With sakura trees crooned and planted across the country, the current celebration style and partying culture nationwide and overseas (!) are more recent phenomena.

0 ( +0 / -0 )

A typical human response to this would be to develop cherry trees, specifically the popular somei yoshino type, that bloom later. Since no-one eats them, the whole arsenal of genetic modification is available for this. FWIW, the blooming dates given for ancient history in the story are going to be a different variety to modern trees, so that makes that data even less reliable and worthy of attention.

Regular somei yoshino trees grow really quickly, so don't worry when buying a cheap little sapling in the home center. Space them out properly because they'll soon be massive.

2 ( +2 / -0 )

The cherry blossom blooming depends on how much it was cold on winter. 

This winter , especially mid of December to January, it was very colder than usual. 

And higher temperatures (During February)after the cold days would’ve made accelerate the timing of Sakura Blooming.

4 ( +4 / -0 )

Let’s just only adjust the calendar, amidst Sakura blooming = 1st of April, the rest omitted or extended. ROFL

-1 ( +0 / -1 )

I would like to know what kind of high tech piece of equipment did they have in 1612, 1409 and 1236, that could measure the tempreture so accurately?

0 ( +2 / -2 )

Why don’t you just enjoy the warm days gratefully? Instead of whining about it.

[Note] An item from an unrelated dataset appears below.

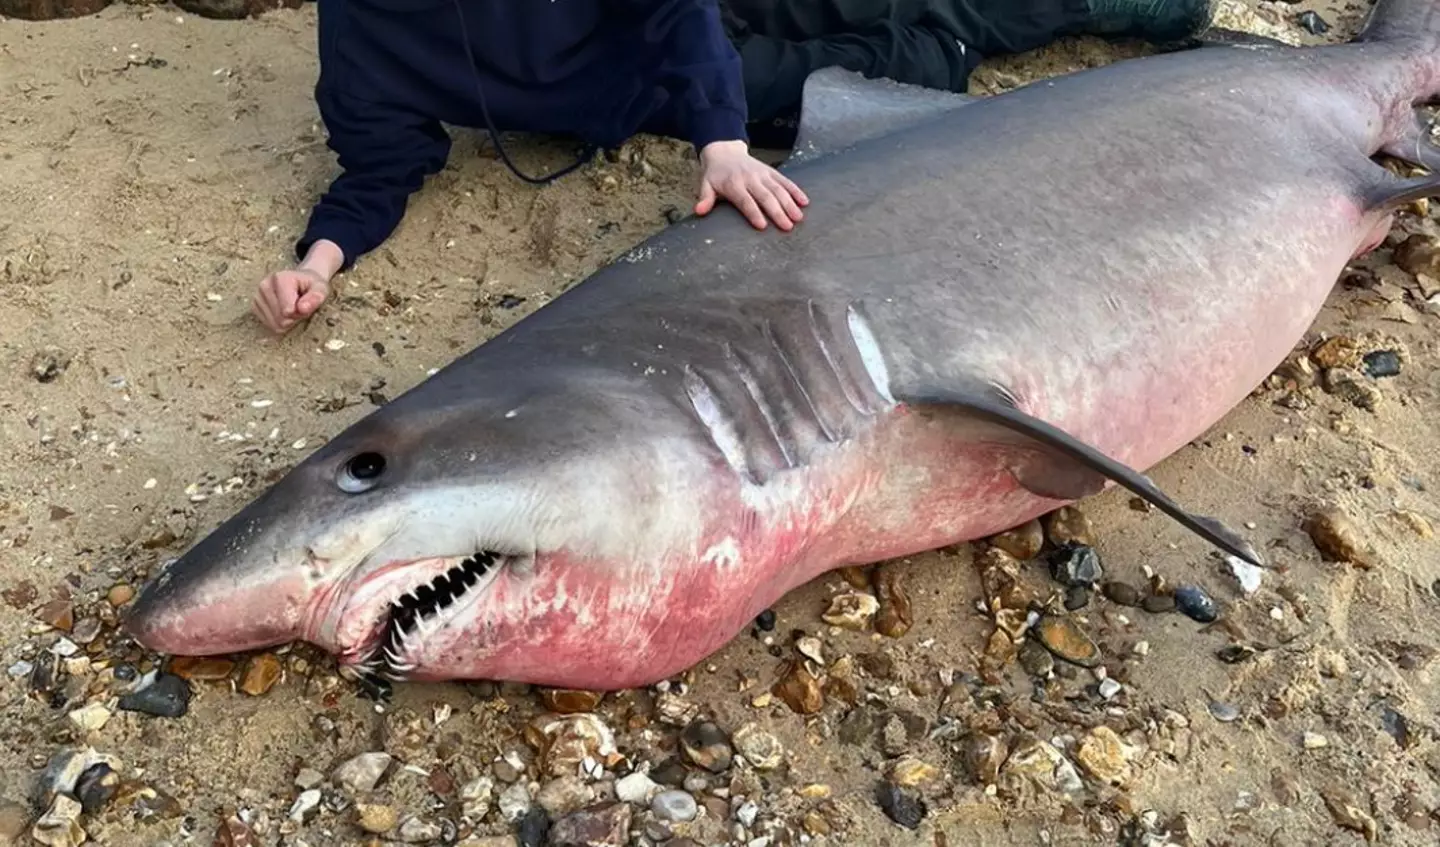 The shark was found on Lepe Beach.

If course it is nice to have warm weather at a miserable time of the year, but there are implications of global warming that run will beyond the temperature in Kyoto in March - it is a global issue with significant implications.

3 ( +4 / -1 )

The level of childish discourse alive is quite depressing.

Trump-level idiocy such as not being able to distinguish between weather and climate; calling actual experts "experts" to undermine them, using a smartphone (developed by experts); making absurd claims that because another year had early blossoms that the analysis is untrue (as though climate scientists hasn't thought of such an obvious fact).

What is at the heart of this is an unwillingness to consider the actual implications of climate change and the changes that it will make to our planet. Climate change deniers don't want to make any changes to their lifestyle, so simply deny the scientific evidence that the earth's climate is changing and it is occurring at a rate faster than at any time in history.

1 ( +4 / -3 )

In a few years we will have hanami on Christmas.

0 ( +1 / -1 )

@Ah_so

Spot on. It's that and a dangerous combination of the Dunning Kruger effect and the need to look clever.

0 ( +1 / -1 )

 It's that and a dangerous combination of the Dunning Kruger effect and the need to look clever.

I dunno. Citing formerly obscure studies but suddenly popular cliches on social media, like the Dunning Kruger effect, strikes me as an effort to sound clever.